# Berlin meets Frankfurt Leute für Touren gesucht



## prinzhessin (3. November 2006)

Tach auch 

bin relativ neu in Frankfurt und suche Leute für mittelschwere Touren
(Frankfurt Umgebung). Ich bin 33 (w), fahre ein Simplon Gravity, habe
Reparatur Kurse belegt   bin körperlich fit  ... aber so richtig quälen mag ich mich auch nicht  , Umgebung und schöne Aussichten sind mir wichtiger. 
Schön wäre es wenn sich auch einige Frauen melden würden.  

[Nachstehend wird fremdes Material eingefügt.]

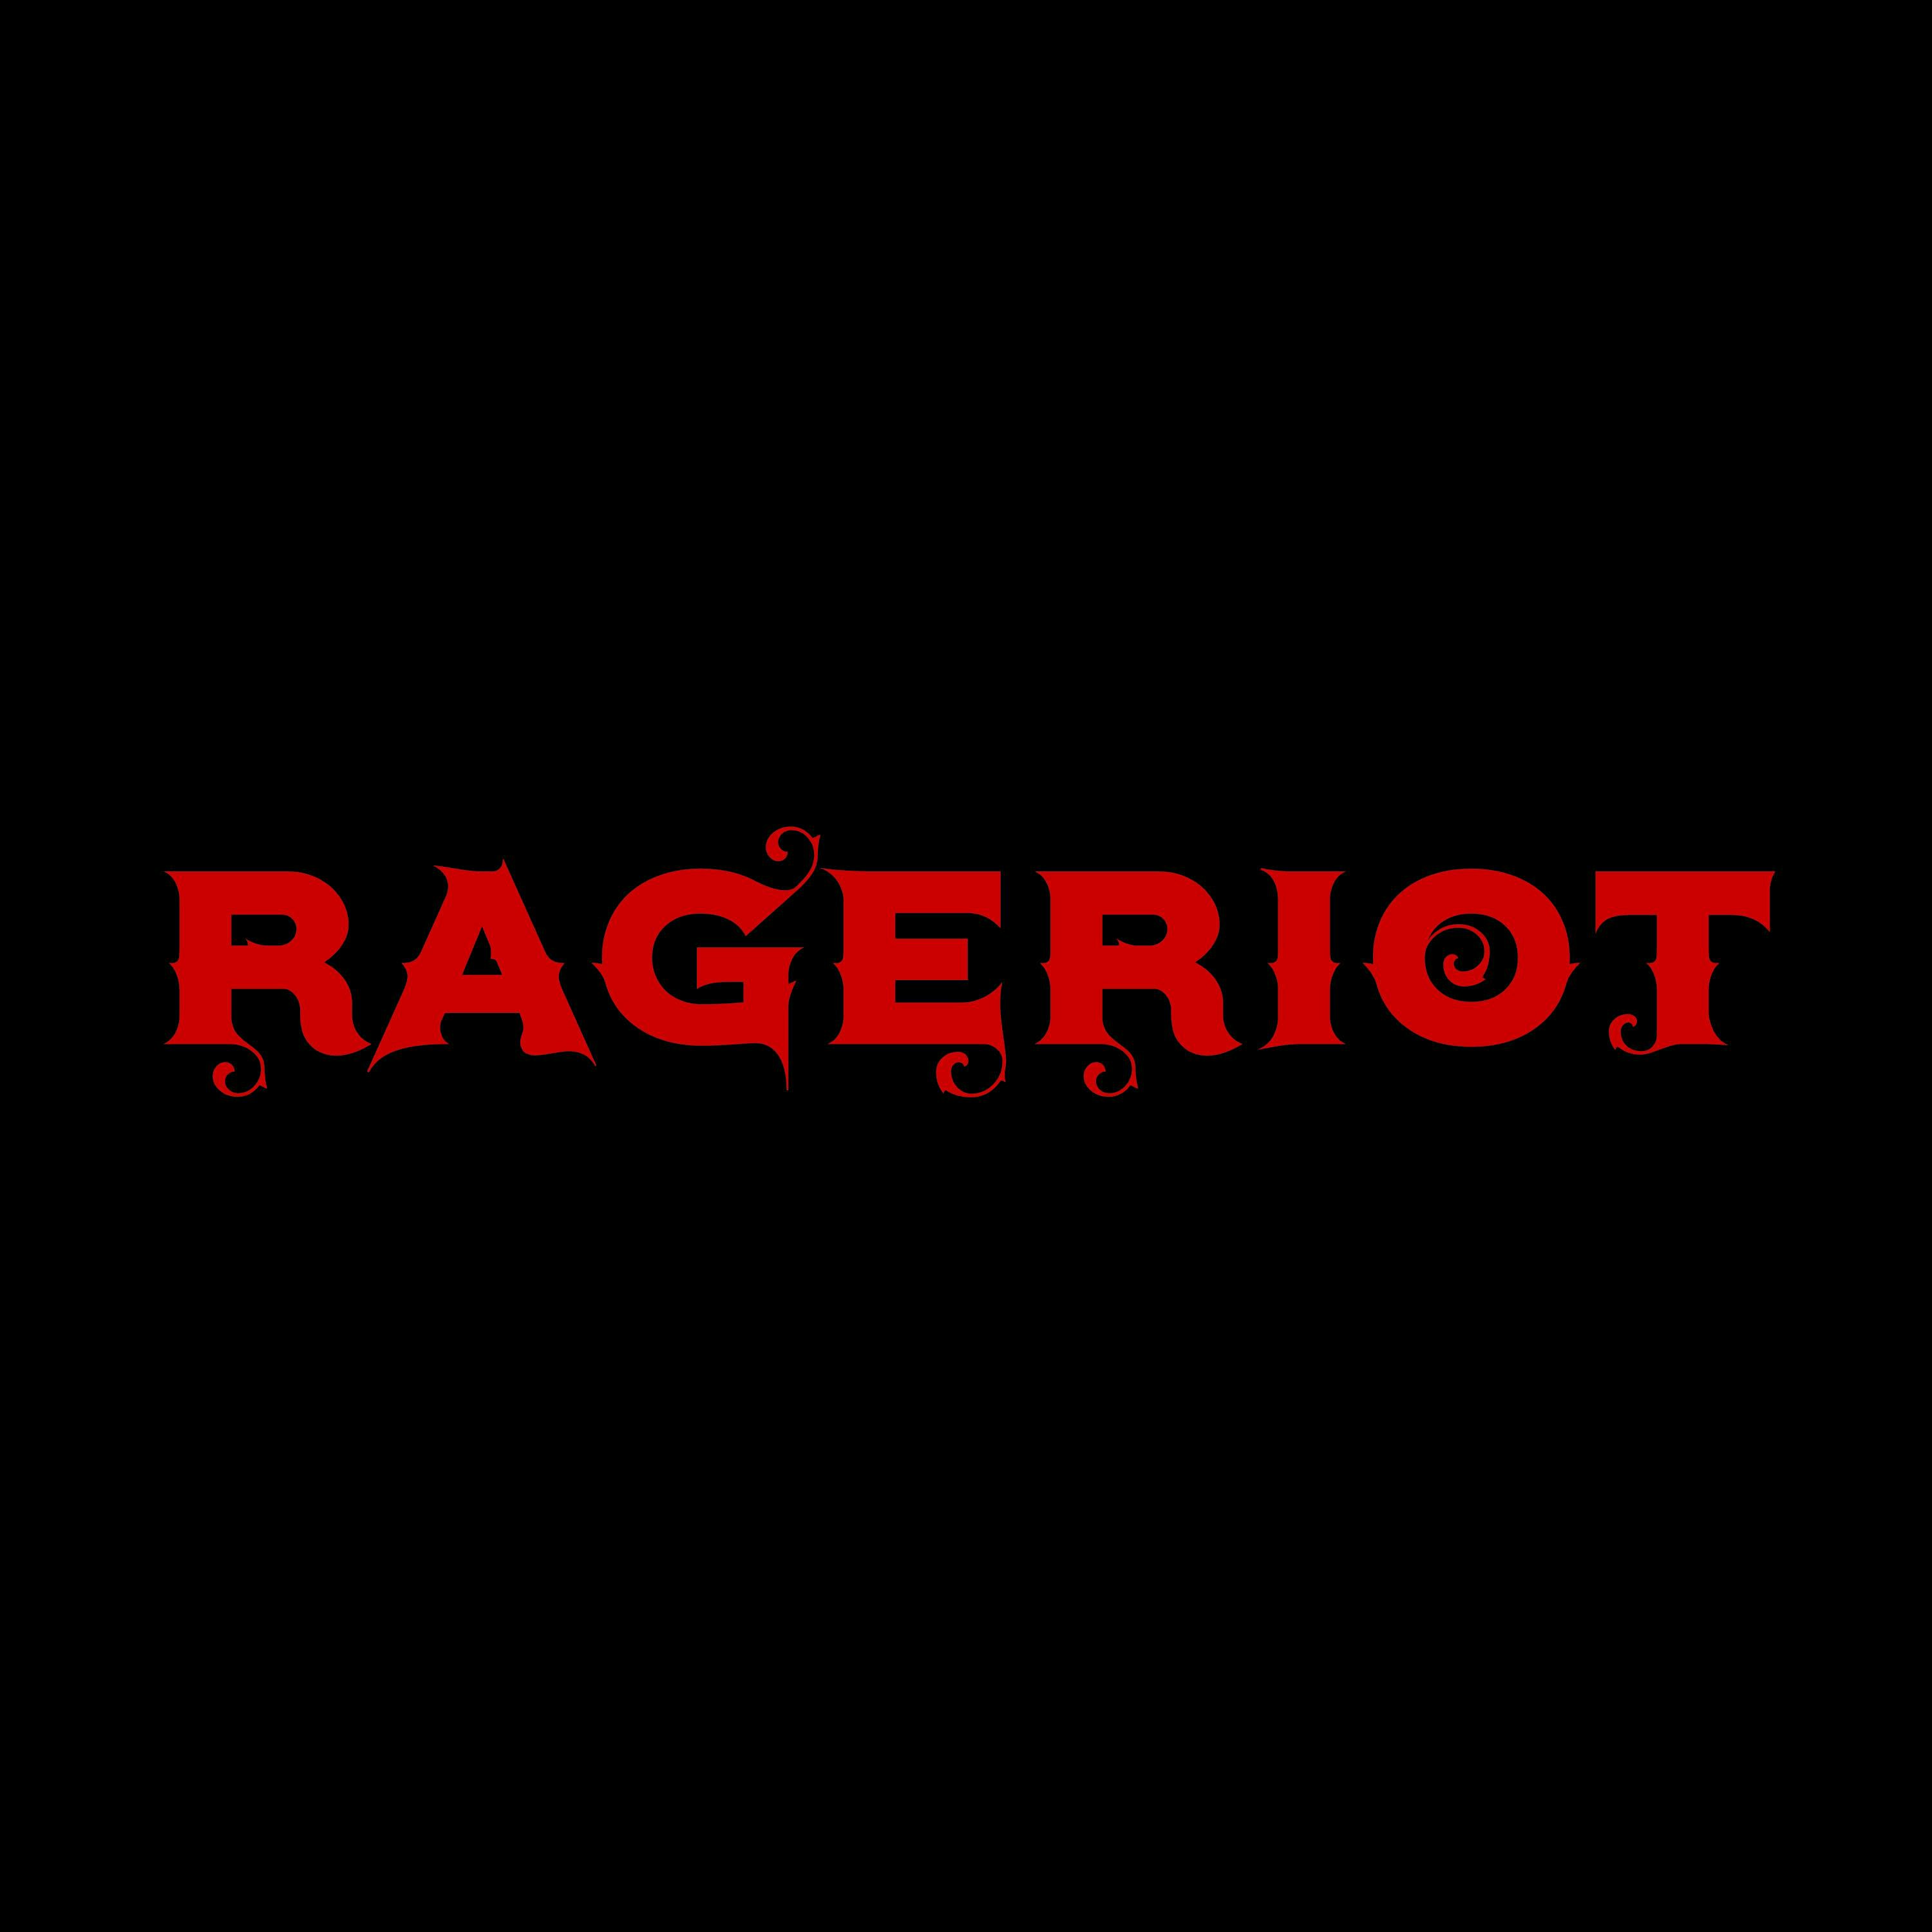 RageRiot!

Sonntag und Montag wären gute Termin für mich.

Bis bald
Stephanie


----------



## Hornisborn (4. November 2006)

Warum schreibst du, das du Reparaturkurse belegt hast, weil du ne Frau bist?


----------



## MTB-News.de




----------



## Kulminator (4. November 2006)

prinzhessin schrieb:


> Tach auch
> 
> bin relativ neu in Frankfurt und suche Leute für mittelschwere Touren
> (Frankfurt Umgebung). Ich bin 33 (w), fahre ein Simplon Gravity, habe
> ...



Cool, endlich mal jemand, der mein hübsches Rotwild warten will... Wann ich es dir bringen?
Gruß
Kulmi


----------



## Maggo (4. November 2006)

hallo, hier in der gegend gibts recht viele leute, an dia man sich dranhängen kann. eine empfehlung meinerseits sind die taunusplauscher, da findest du die nettesten, technisch versiertesten, erfahrensten......einfach die coolsten leute der ganzen welt. wir starten in unregelmässiger regelmässigkeit entweder ab hofheim oder hohemark zu den tollsten touren im rhein main gebiet. wir haben auch ab und an die ein oder andere dame mit dabei, deswegen ist unser besonders vorbildliches benehmen hervorzuheben. wenn du lust hast schau einfach mal im "allgemeinen plausch fred" vorbei. da gibts uns live und in farbe......


----------



## Lucafabian (4. November 2006)

Maggo schrieb:


> hallo, hier in der gegend gibts recht viele leute, an dia man sich dranhängen kann. eine empfehlung meinerseits sind die taunusplauscher, da findest du die nettesten, technisch versiertesten, erfahrensten......einfach die coolsten leute der ganzen welt. wir starten in unregelmässiger regelmässigkeit entweder ab hofheim oder hohemark zu den tollsten touren im rhein main gebiet. wir haben auch ab und an die ein oder andere dame mit dabei, deswegen ist unser besonders vorbildliches benehmen hervorzuheben. wenn du lust hast schau einfach mal im "allgemeinen plausch fred" vorbei. da gibts uns live und in farbe......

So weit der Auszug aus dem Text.